**RECORDS FOR THE TASK**.

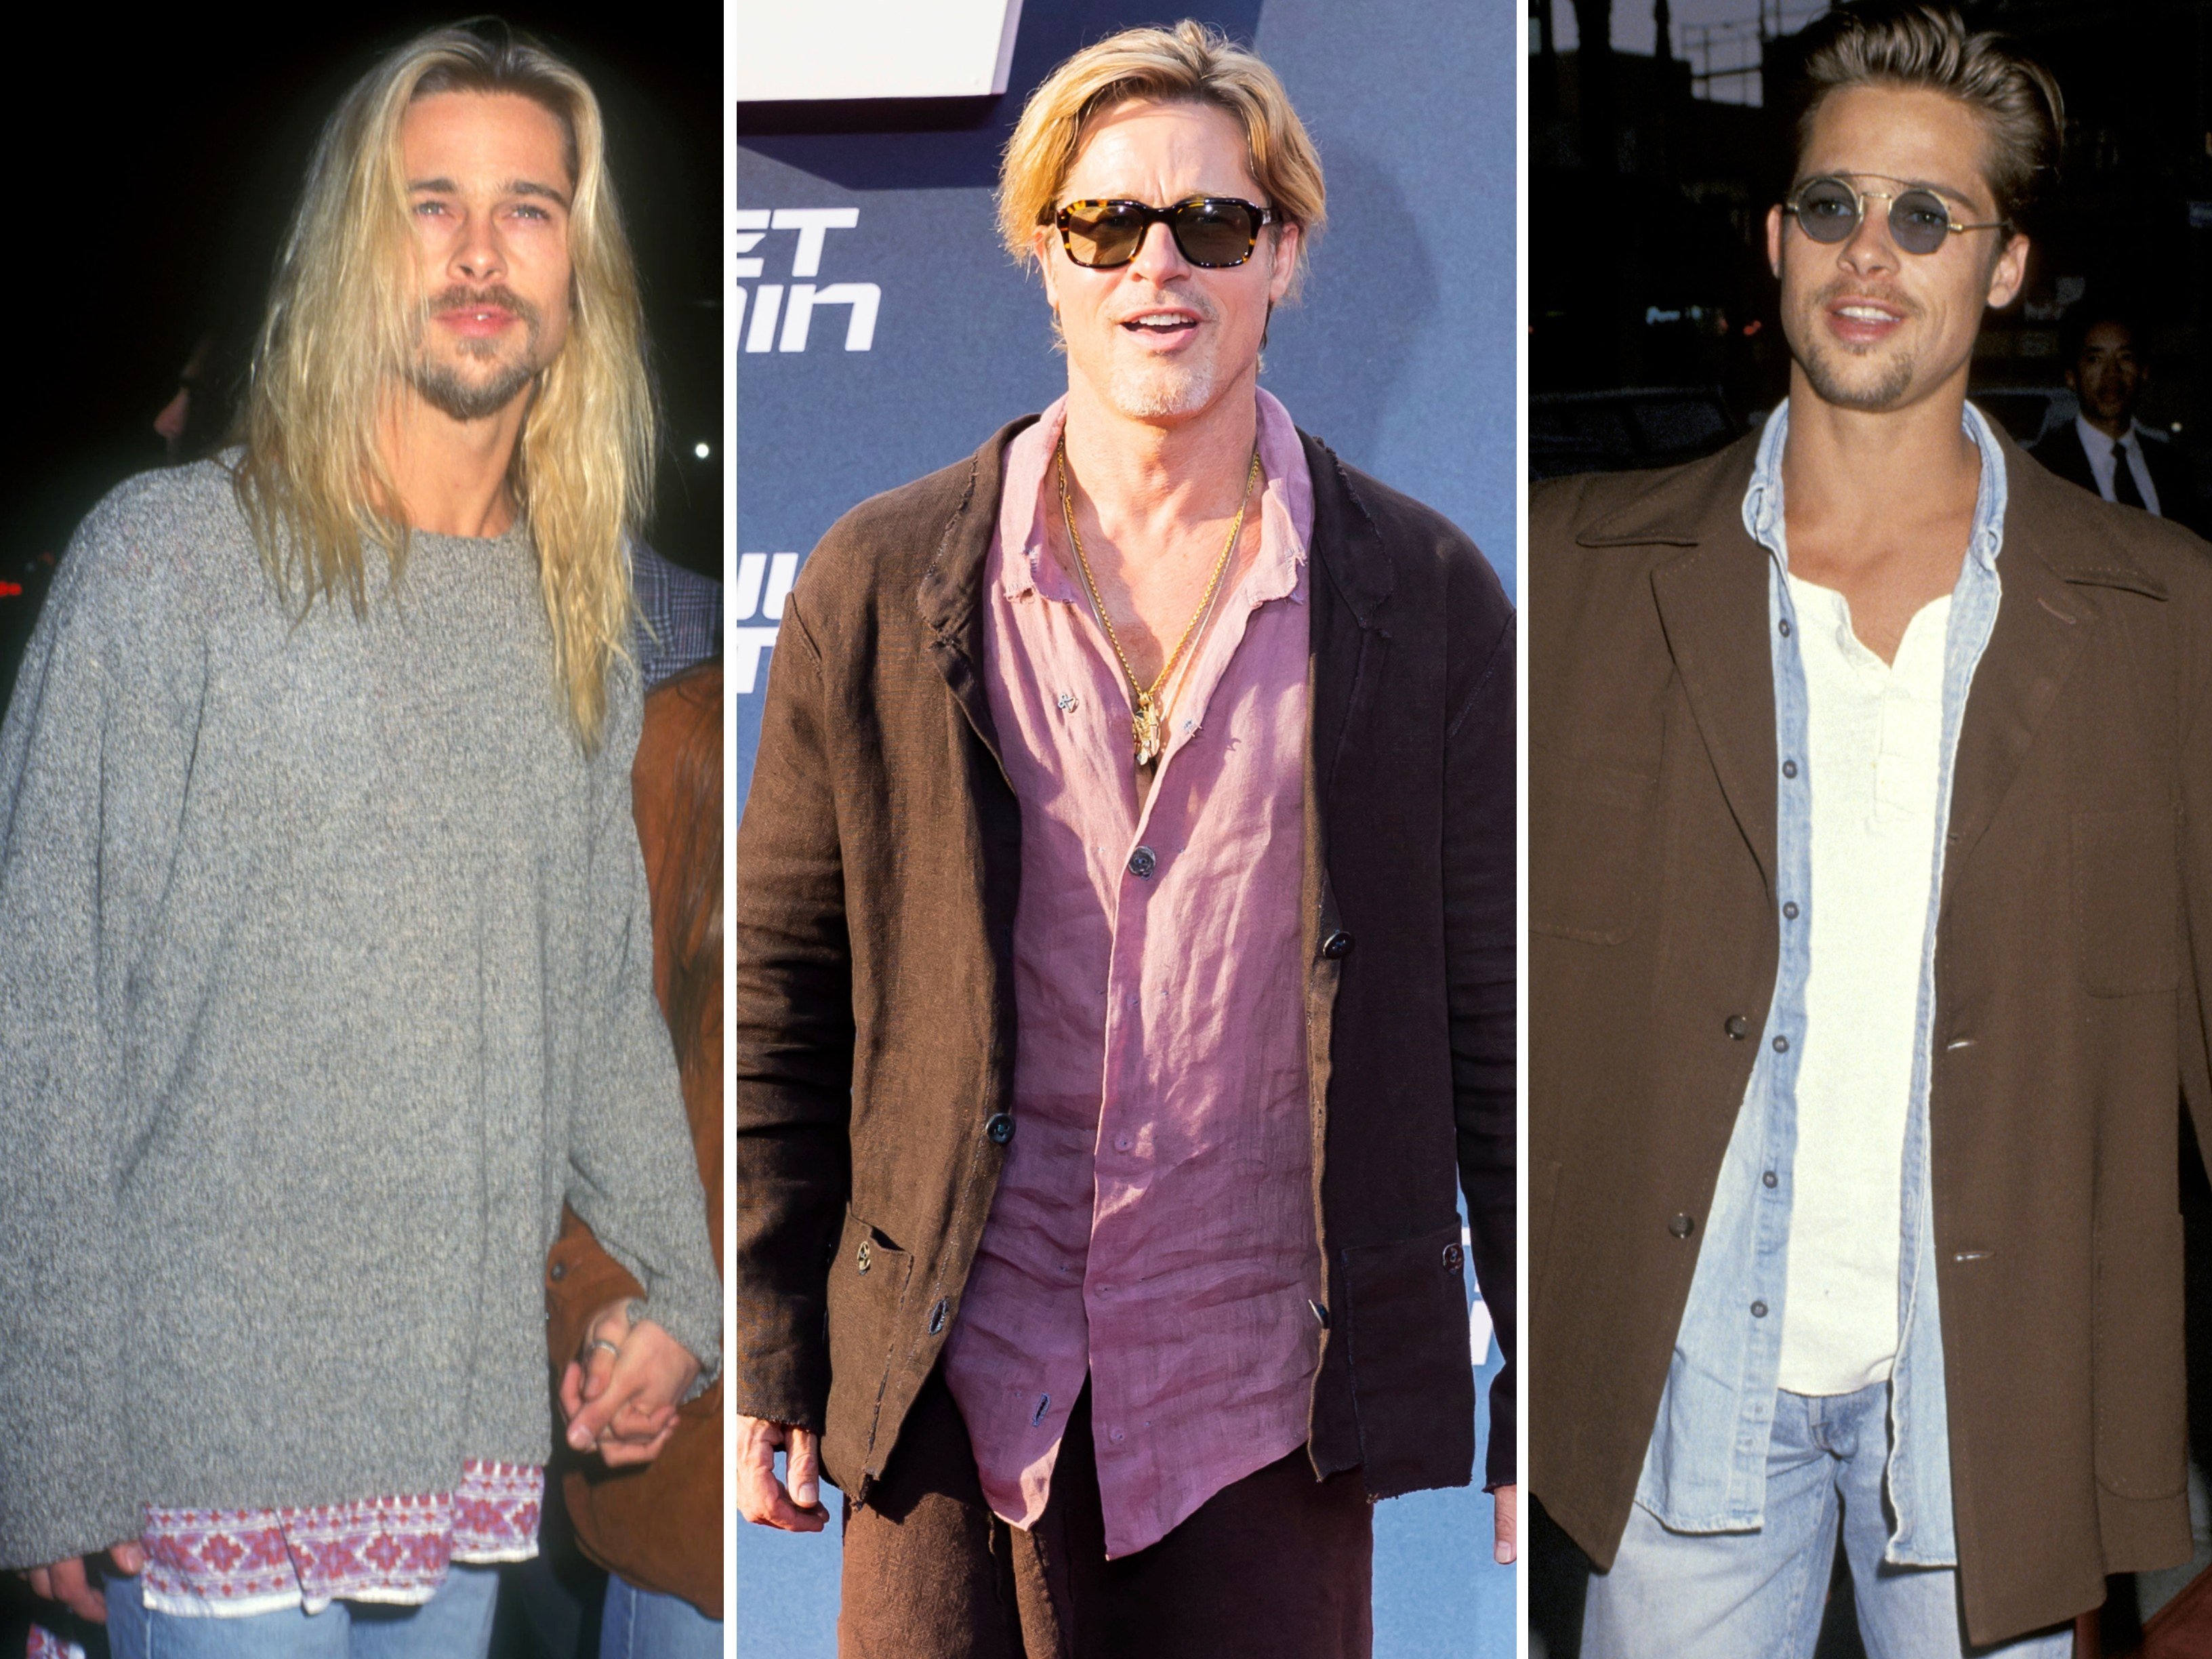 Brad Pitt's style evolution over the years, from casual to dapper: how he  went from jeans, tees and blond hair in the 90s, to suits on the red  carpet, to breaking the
--
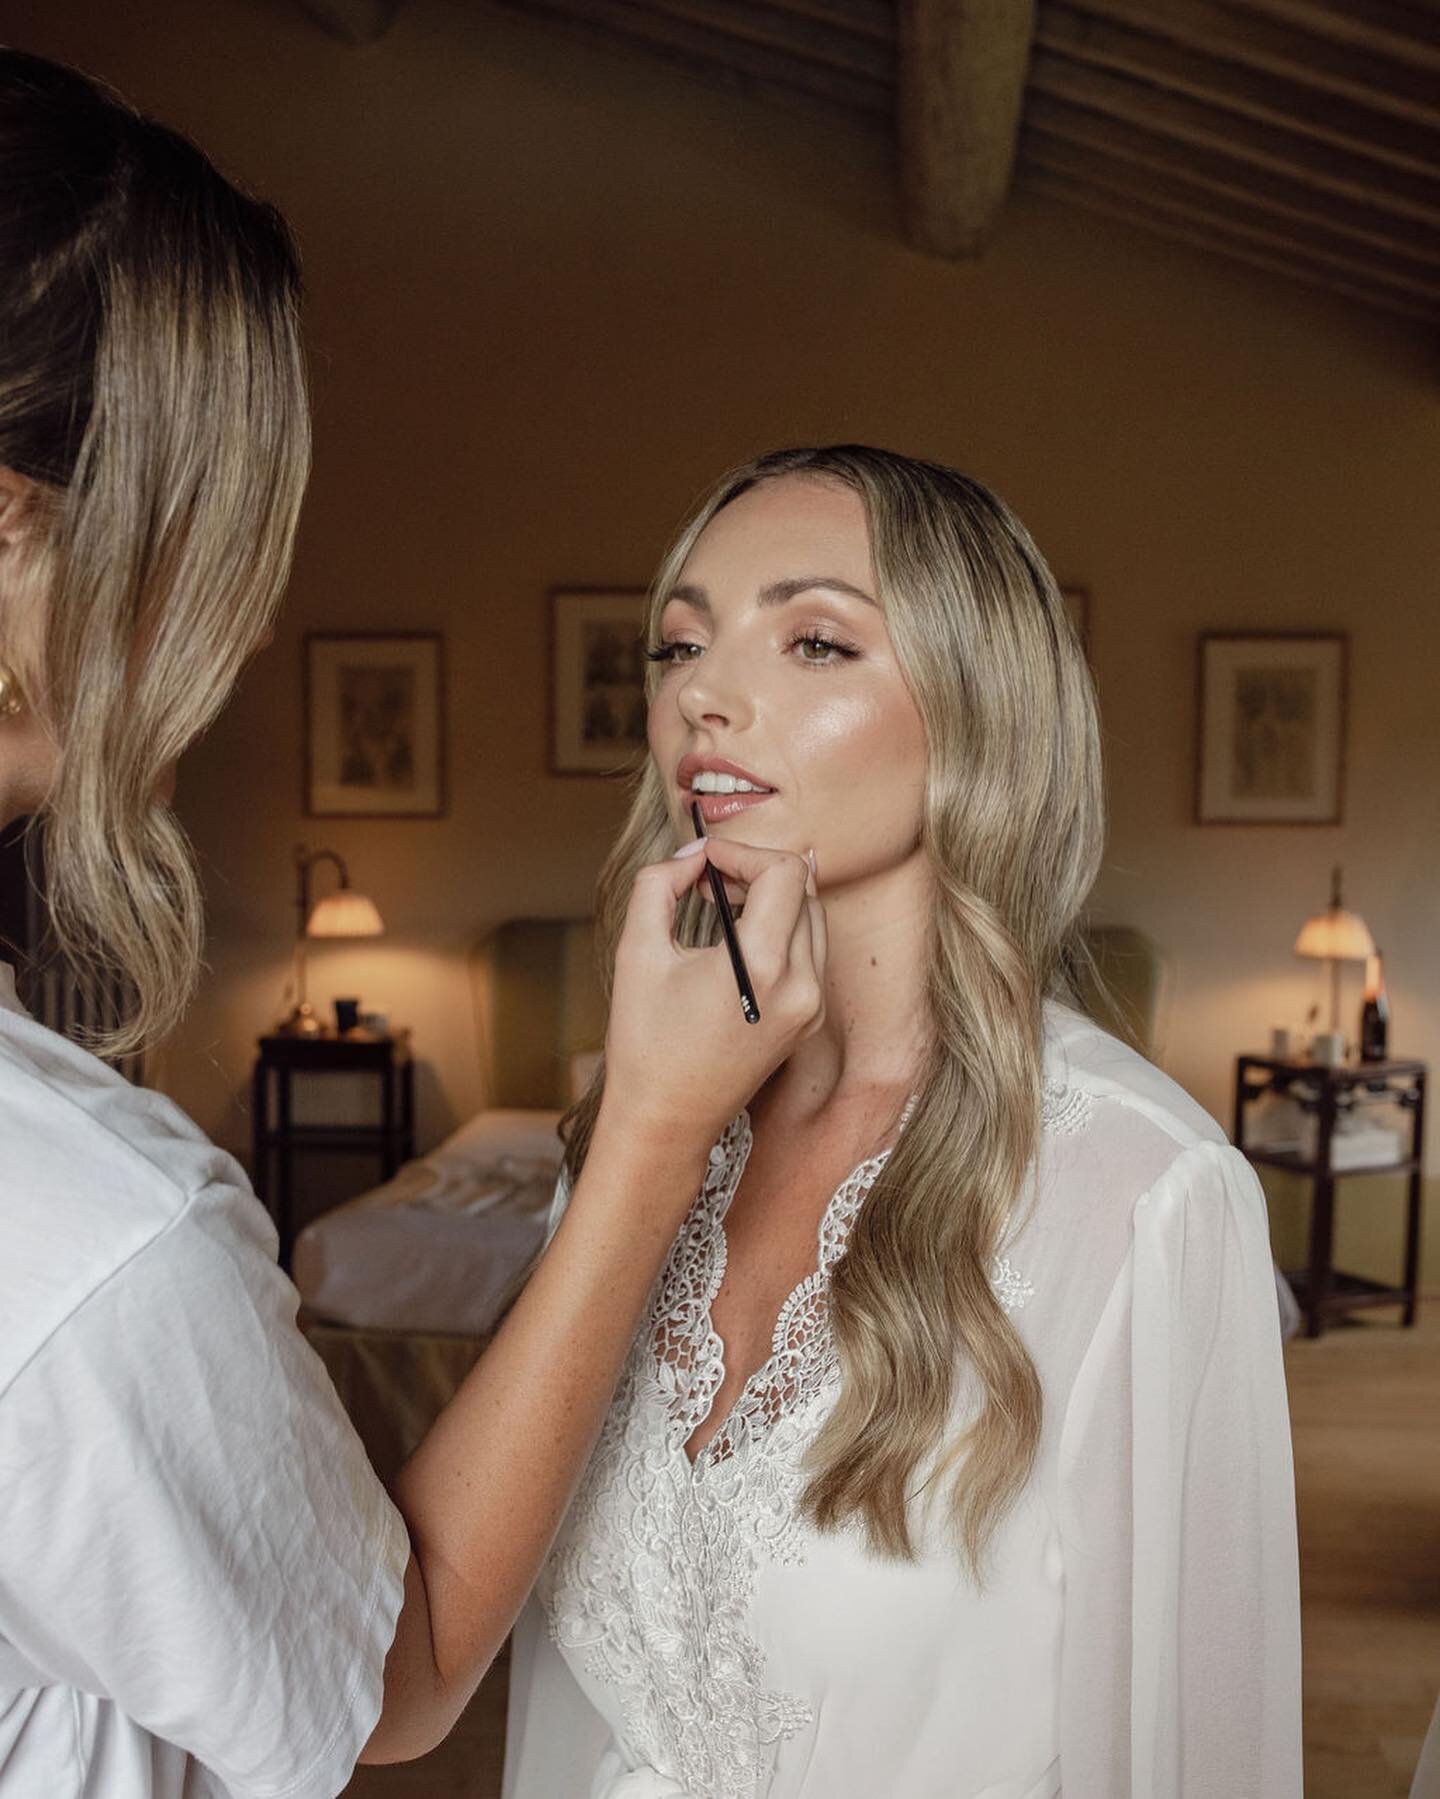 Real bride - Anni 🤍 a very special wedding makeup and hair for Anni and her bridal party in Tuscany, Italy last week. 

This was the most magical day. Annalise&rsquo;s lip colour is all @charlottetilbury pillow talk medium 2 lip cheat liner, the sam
==
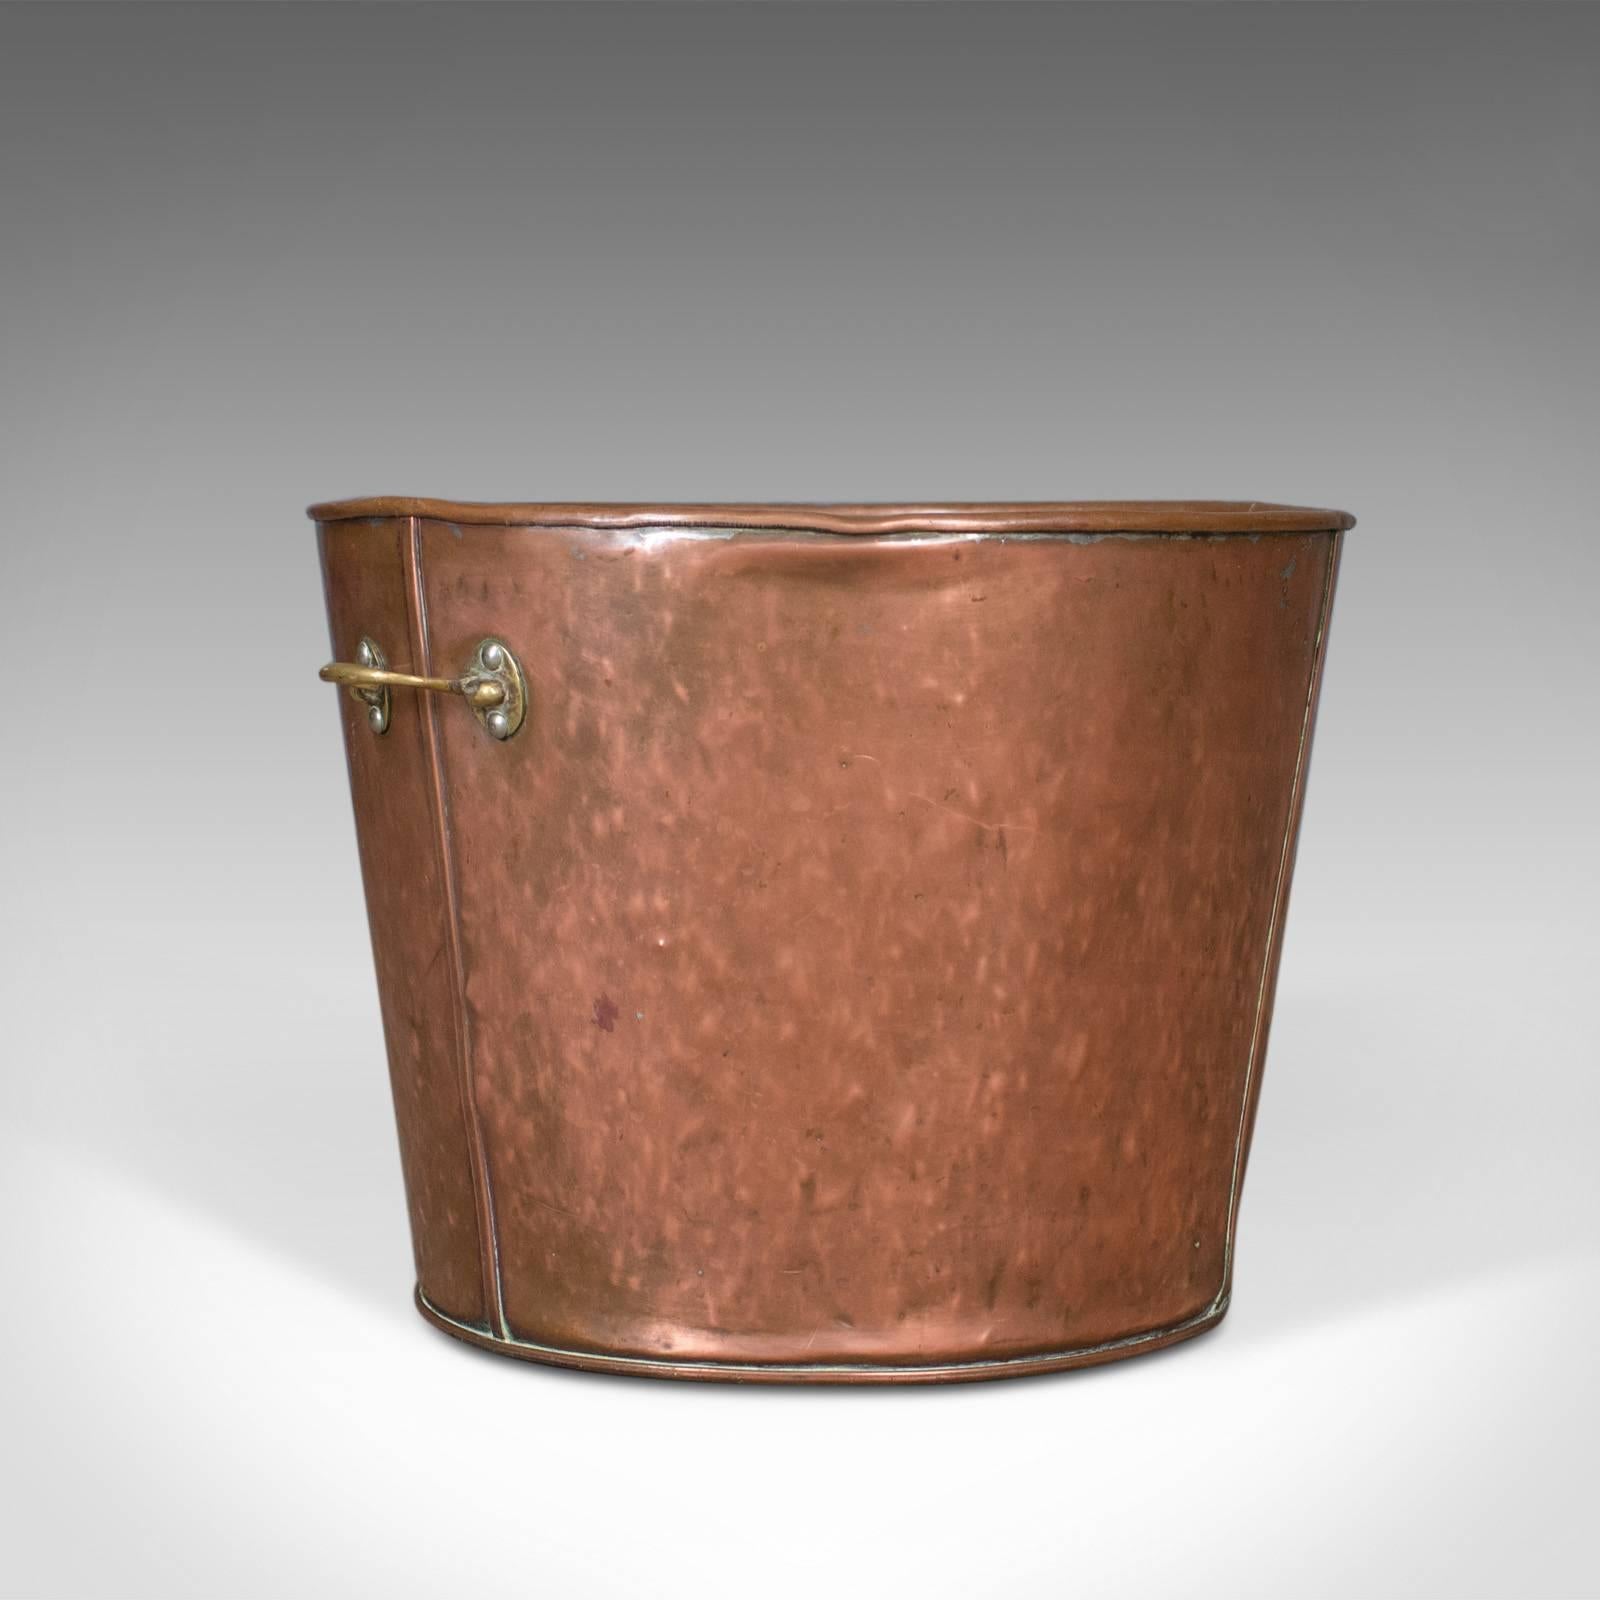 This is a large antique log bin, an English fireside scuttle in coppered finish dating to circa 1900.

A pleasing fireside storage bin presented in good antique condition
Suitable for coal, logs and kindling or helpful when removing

**TASK GOAL**. Each line above starting at the one holding "This is a large" and ending at the one holding "Suitable for coal, logs" should be set down exactly as it stands, both ends included, with no pictures.

**SOLUTION FOR THIS EXERCISE**.
 This is a large antique log bin, an English fireside scuttle in coppered finish dating to circa 1900.

A pleasing fireside storage bin presented in good antique condition
Suitable for coal, logs and kindling or helpful when removing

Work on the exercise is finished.